Dysaethria scopocera

Scientific classification
- Kingdom: Animalia
- Phylum: Arthropoda
- Class: Insecta
- Order: Lepidoptera
- Family: Uraniidae
- Genus: Dysaethria
- Species: D. scopocera
- Binomial name: Dysaethria scopocera (Hampson, 1896)
- Synonyms: Epiplema scopocera Hampson, 1896; Dirades formosibia Strand, 1917;

= Dysaethria scopocera =

- Authority: (Hampson, 1896)
- Synonyms: Epiplema scopocera Hampson, 1896, Dirades formosibia Strand, 1917

Species of moth

Dysaethria scopocera is a moth of the family Uraniidae first described by George Hampson in 1896. It is found in Sri Lanka, Taiwan, Malaysia and Borneo.

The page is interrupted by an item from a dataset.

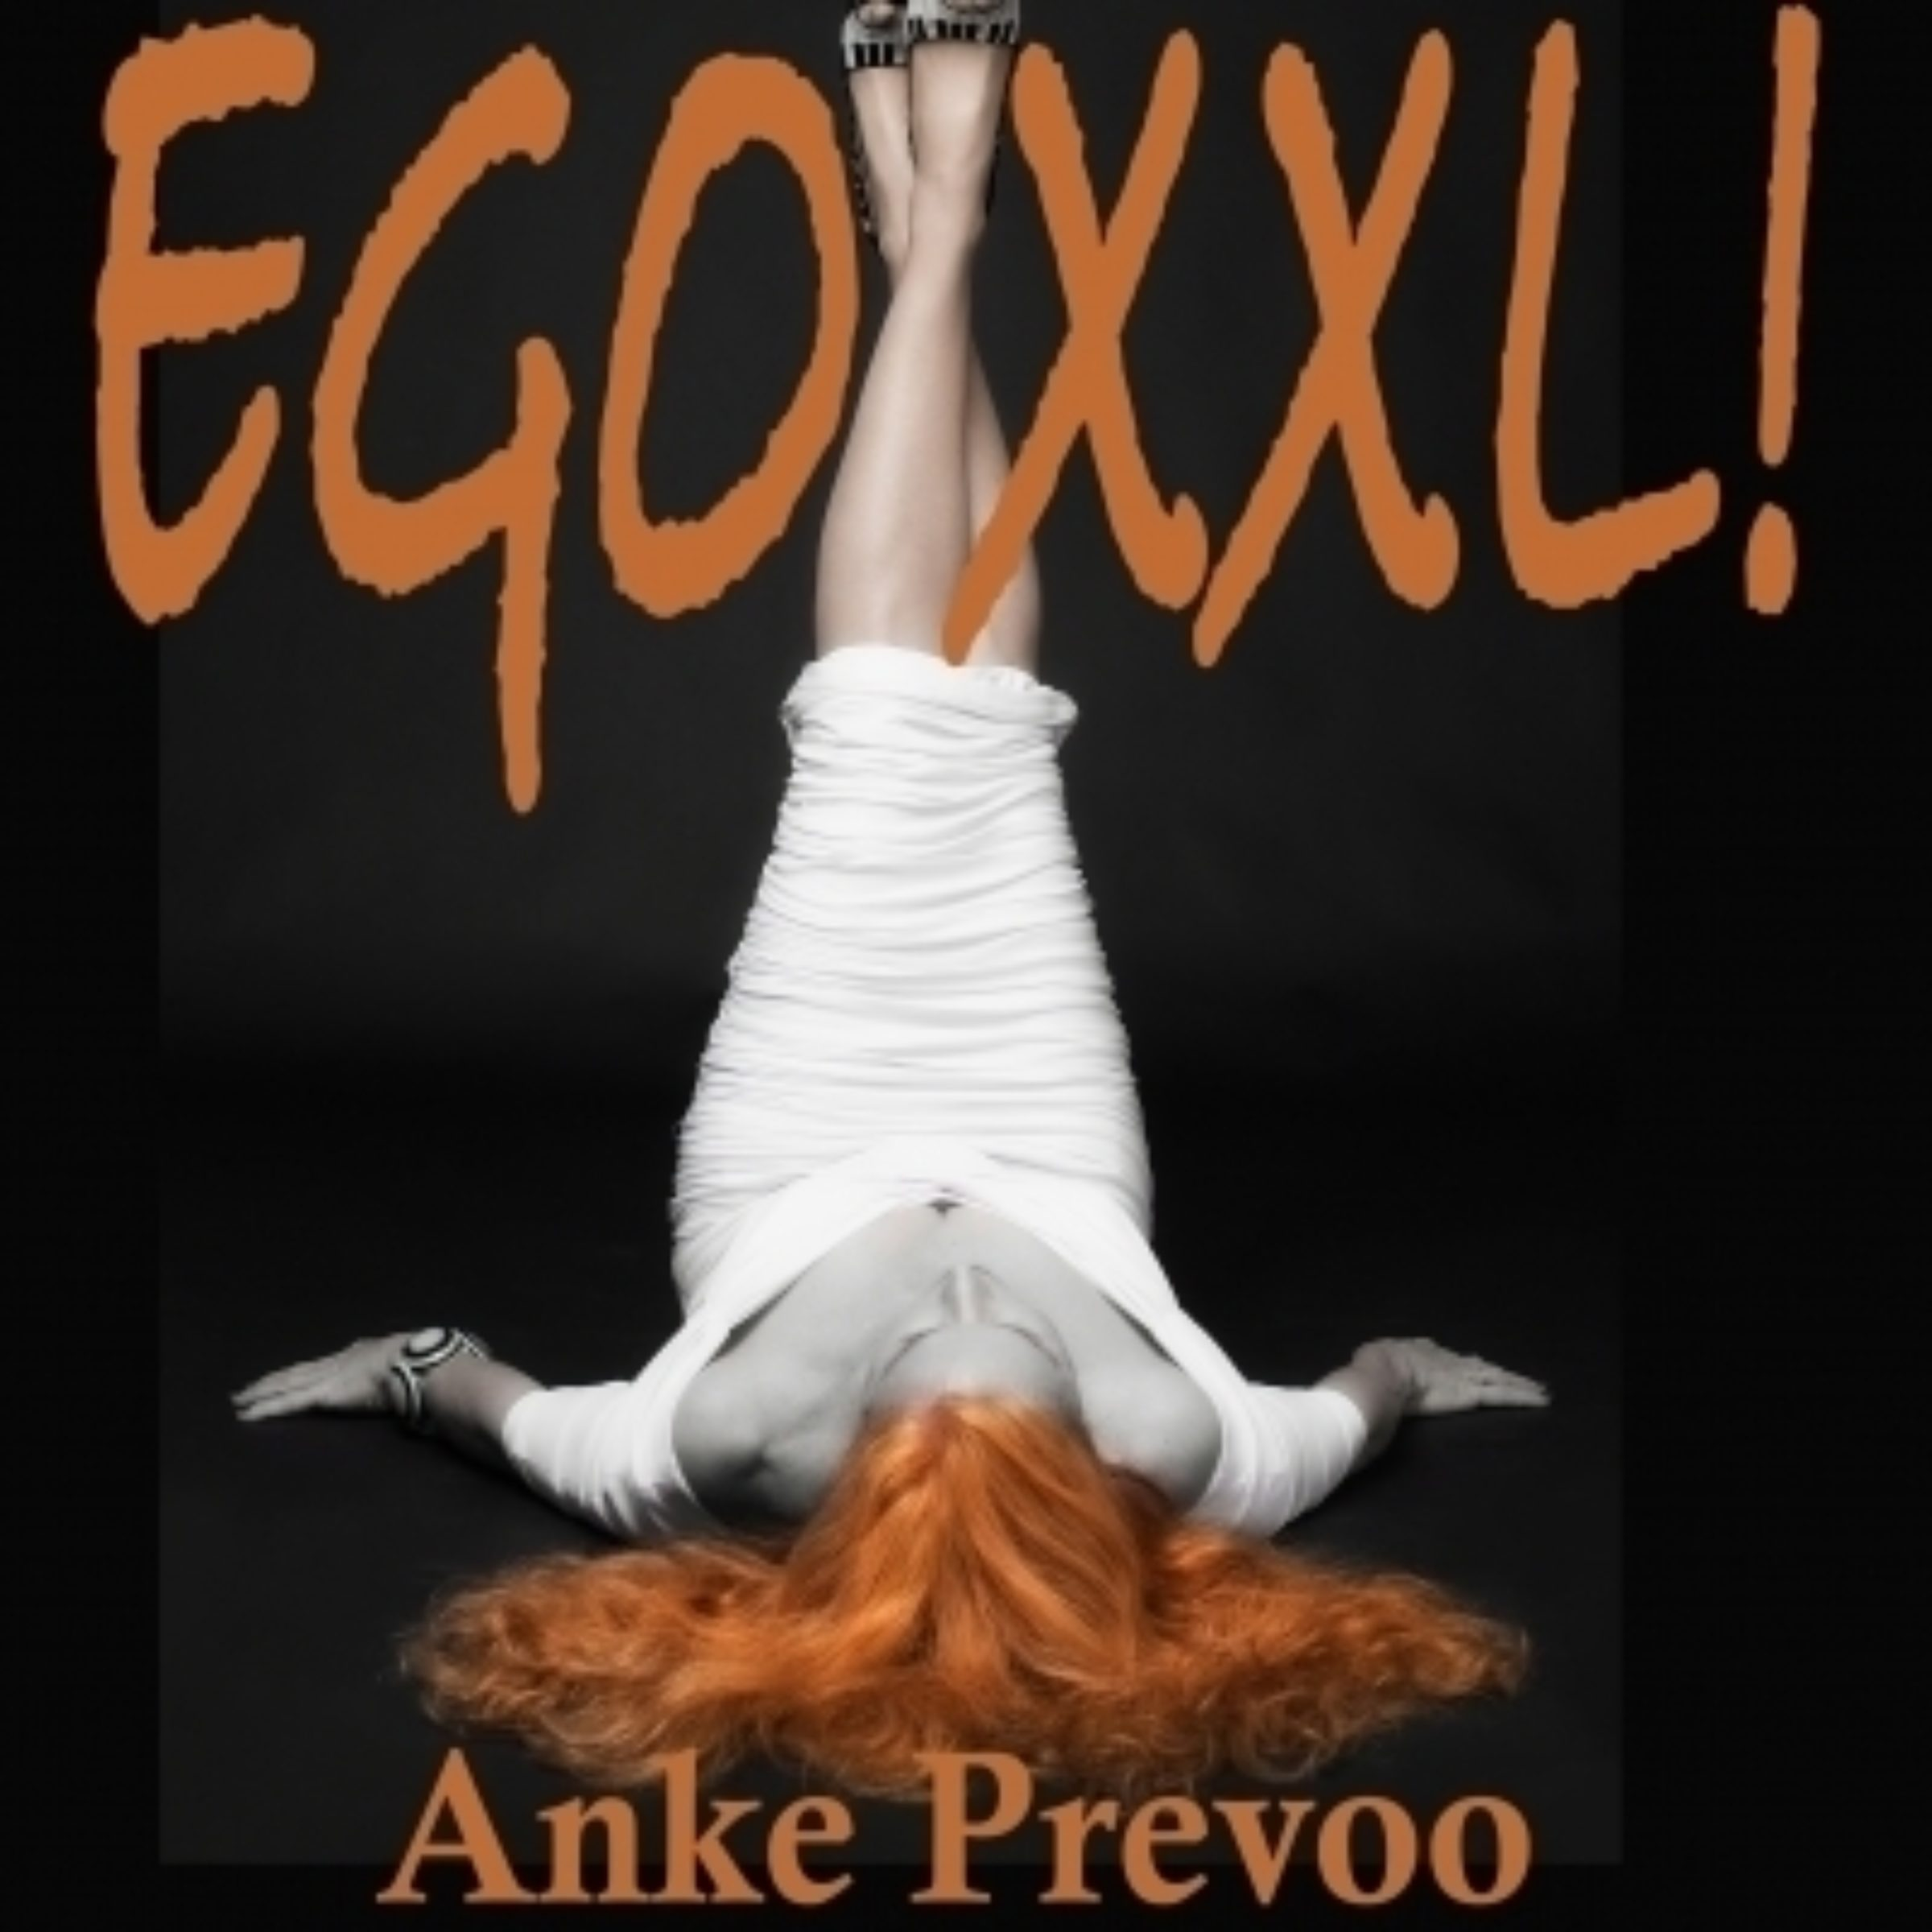 400x400 poster anke theaters web 35i1y1pjm7

The wingspan of the female is 9 mm. Wings are variegated black where broadly dull and medially red. Forewings with an irregular, angled, darker submarginal line. Postmedial strong and irregularly arched with concave base. Tails of hindwings rudimentary, though an angular pattern can be seen.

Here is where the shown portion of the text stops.